Revenue Management Glossary

Advanced Forecast (Linear Method)

Definition

The Advanced Forecast, or Linear Method, is a forecasting technique that combines current on-the-books (OTB) reservations with expected future bookings to predict demand. The expected bookings are calculated by multiplying the average daily pick-up rate by the number of remaining days. This method is used by revenue managers to make accurate predictions of occupancy and optimize room rates.

How to use it

Revenue managers use the Advanced Forecast to predict future demand more accurately by factoring in current bookings and expected pick-up. This forecast helps in setting dynamic pricing, planning for high-demand periods, and managing room availability.
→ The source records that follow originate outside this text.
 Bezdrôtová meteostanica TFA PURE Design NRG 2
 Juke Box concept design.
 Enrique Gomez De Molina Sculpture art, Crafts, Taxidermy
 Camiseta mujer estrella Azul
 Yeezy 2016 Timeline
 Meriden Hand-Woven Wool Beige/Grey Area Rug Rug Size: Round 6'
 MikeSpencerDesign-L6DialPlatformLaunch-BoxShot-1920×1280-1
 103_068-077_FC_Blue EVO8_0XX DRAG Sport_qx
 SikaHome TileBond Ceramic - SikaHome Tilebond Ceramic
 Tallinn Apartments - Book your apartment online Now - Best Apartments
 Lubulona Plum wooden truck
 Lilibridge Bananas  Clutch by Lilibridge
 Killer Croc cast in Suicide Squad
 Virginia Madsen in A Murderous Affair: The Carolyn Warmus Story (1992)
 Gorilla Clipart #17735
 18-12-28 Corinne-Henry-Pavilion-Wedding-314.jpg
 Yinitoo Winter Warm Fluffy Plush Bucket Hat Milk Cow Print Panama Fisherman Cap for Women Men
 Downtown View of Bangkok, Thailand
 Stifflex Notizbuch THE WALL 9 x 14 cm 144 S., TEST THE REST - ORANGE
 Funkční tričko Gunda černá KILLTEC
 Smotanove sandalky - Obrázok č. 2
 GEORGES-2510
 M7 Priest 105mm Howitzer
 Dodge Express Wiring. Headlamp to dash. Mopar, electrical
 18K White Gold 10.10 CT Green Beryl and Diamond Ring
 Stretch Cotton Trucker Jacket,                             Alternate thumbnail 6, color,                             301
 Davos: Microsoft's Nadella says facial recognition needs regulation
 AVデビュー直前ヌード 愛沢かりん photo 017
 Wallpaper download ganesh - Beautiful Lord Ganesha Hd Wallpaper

By using the Linear Method, hoteliers can adjust rates based on the forecasted occupancy and avoid overpricing or underpricing rooms.

Formula

Advanced Forecast (Linear Method) = On-the-Books (OTB) + Expected Pick-Up (PU) Where: Expected Pick-Up (PU) = Average Daily Pick-Up × Remaining Days

Related Terms

Forecasting Models, Pick-Up Rate, On-the-Books (OTB), Revenue per Available Room (RevPAR), Dynamic Pricing
“The Advanced Forecast (Linear Method) gives revenue managers a precise tool to predict future bookings, optimize pricing, and ensure maximum occupancy and revenue by accurately forecasting demand.”